Young Fil-Can’s work wins as best short documentary in U.S. filmfest
Young Fil-Can’s work wins as best short documentary in U.S. filmfest
By Mila Astorga-Garcia
There is every reason for Sasha Nakhai, Filipina-Canadian film producer, to be over the moon these days.
The short documentary film that she produced, Frame 394, just won Best Documentary Short at the Rhode Island International Film Festival in Providence, Rhode Island, USA last Sunday, August 14.
“The film festival is an Academy Award-qualifying festival in the Documentary Short category, meaning that now that we have won we are eligible to enter the film for the Academy Awards,” Nakhai excitedly announced to her Facebook friends shortly after she had learned about the win.
She was quick to clarify, however, that the film would still have to get shortlisted before getting nominated. “So we are not yet nominated (for an Academy Award); we have just qualified to enter for consideration,” she said.
Both the film Frame 394, and the producer, Nakhai, have been creating a buzz in the documentary film world.
Consider these:
Frame 394 won Best Canadian Short at NorthwestFest 2016 (Edmonton). It had its World Premiere at the Hot Docs Canadian International Documentary Film Festival in Toronto in May 2016. It garnered the Official Selection at the Hot Docs, NorthwestFest, Sidewalk Film Festival, Rhode Island International Film Festival, New Orleans Film Festival, Short of the Week; and it was released on CBC’s Short Docs website shortly after its May 2016 World Premiere.
To top it all, Nakhai received the Telefilm Canada Emerging Filmmaker Award from Producer Ed Barreveld as part of the Don Haig Award’s Pay It Forward Prize.
Frame 394, directed by award-winning Rich Williamson (The Sugar Bowl, 2011; Joe, 2012; and Unsinkable, 2012), “follows a young man in Toronto who entangles himself in one of America’s high profile police shootings,” its synopsis describes.
“After coming across a viral cellphone video of the incident posted online, Daniel Voshart is compelled to dig deeper, hoping to use his expertise in image stabilization to find evidence in the shaky video that will help indict the police officer,” the synopsis continues.
“But in the glimmer of a shiny object, he finds something that could potentially help the man that he had set out to incriminate.
Will he get involved and help a man vilified in the court of public opinion?” asks the thriller-like synopsis ending.
Nakhai herself has an impressive bio for a young producer. Based in Toronto and working out of Compy Films, her award winning films have screened in festivals worldwide, among them, Hot Docs, DC Shorts, LA Shorts, Atlanta, New Orleans, Rhode Island, and Al Jazeera Film Festivals.
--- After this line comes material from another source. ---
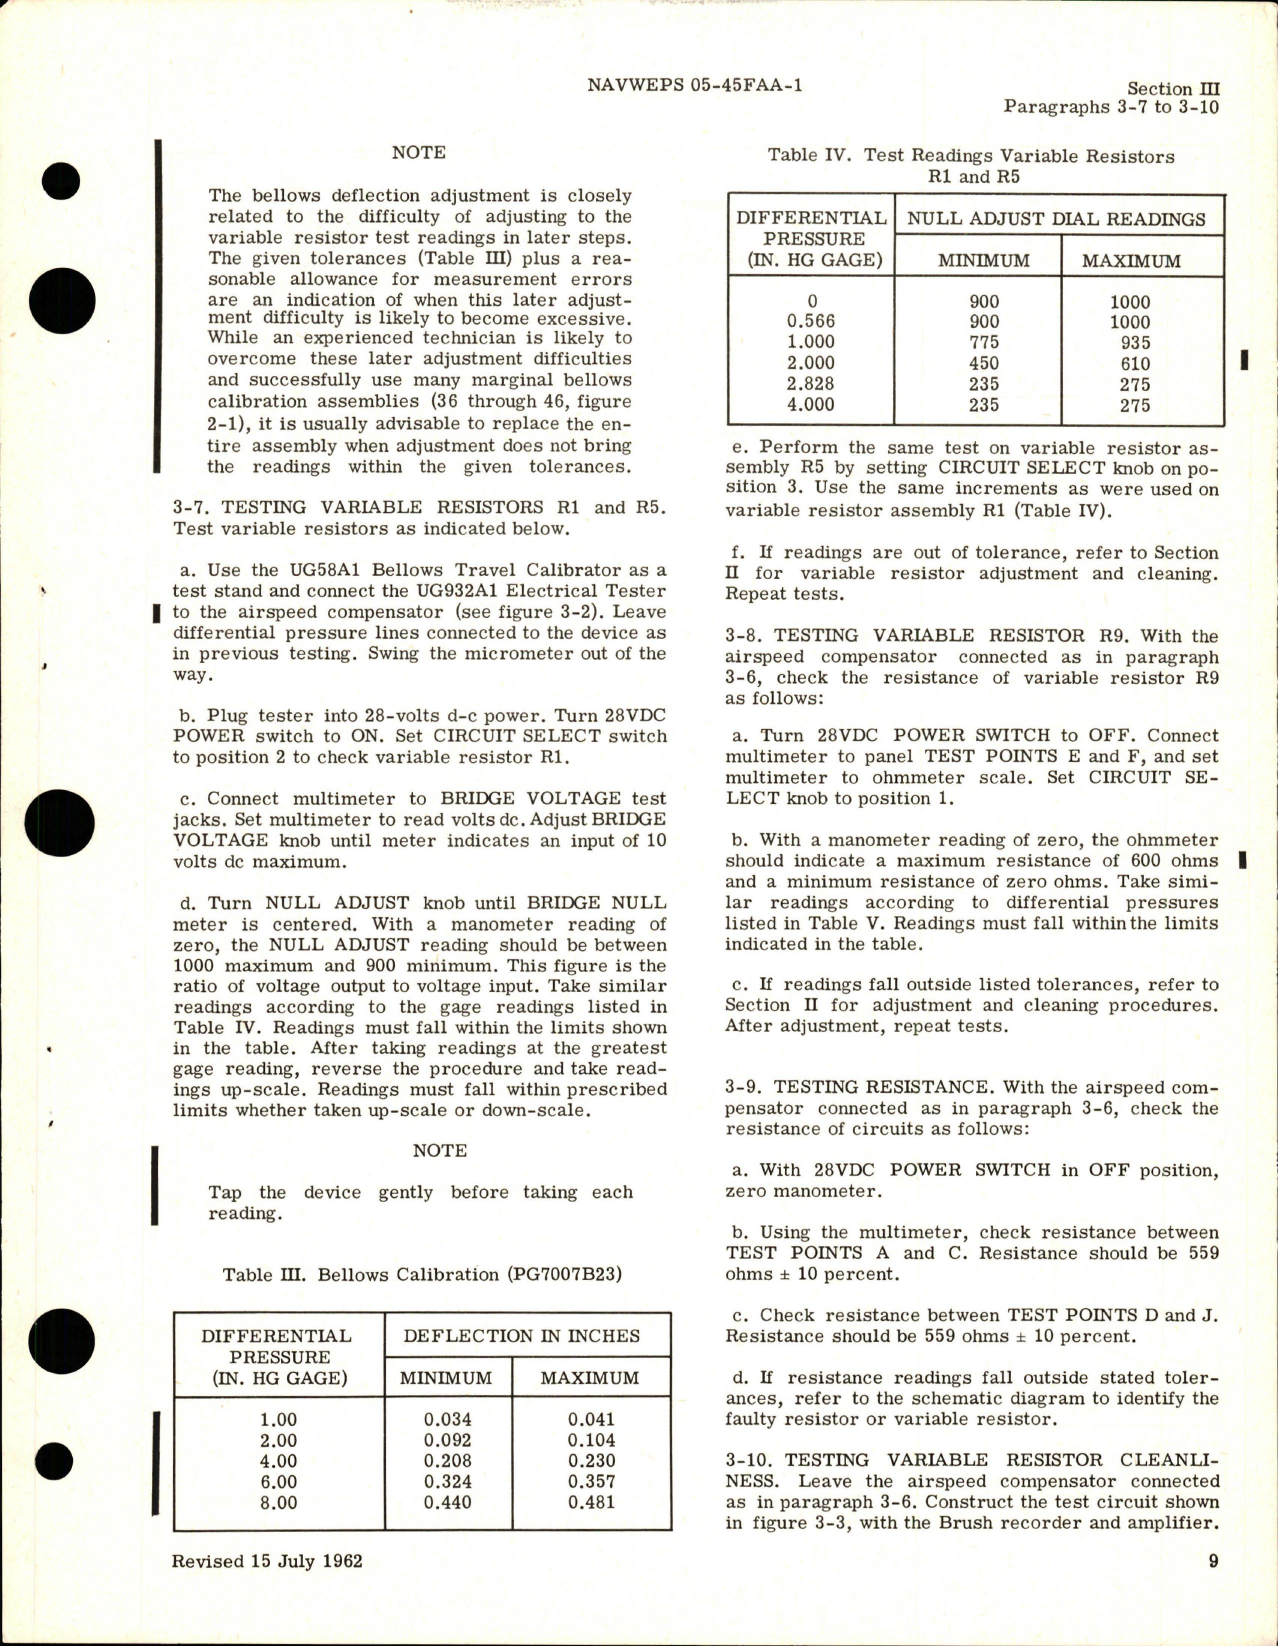 Sample page 5 from AirCorps Library document: Overhaul Instructions for Airspeed Compensator - Parts PG7007B20, PG7007B23, and PG7007B24

“Her work has been commissioned and supported by the CBC; Bravo Al Jazeera; the Toronto, Ontario, Canada Arts Councils; and the Reel Asian International Film Festival. They have aired on TV in the United States, Canada and Europe, been released on iTunes, gone viral and been awarded Vimeo Staff Pick and Short of the Week.
“She was selected as the inaugural recipient of WIFT’s Ubisoft Producer Mentorship program, and was one of eight high-potential emerging producers selected for the DOC Institute’s Breakthrough Program.” Nakhai is a graduate of Ryerson University’s Broadcast Journalism program. She has completed stints with Summerhill Entertainment, CBC Radio, CKLN fm, and Africa Independent Television.
Nakhai was born in the Philippines, grew up in Nigeria, and came to Canada as an international student in 2003.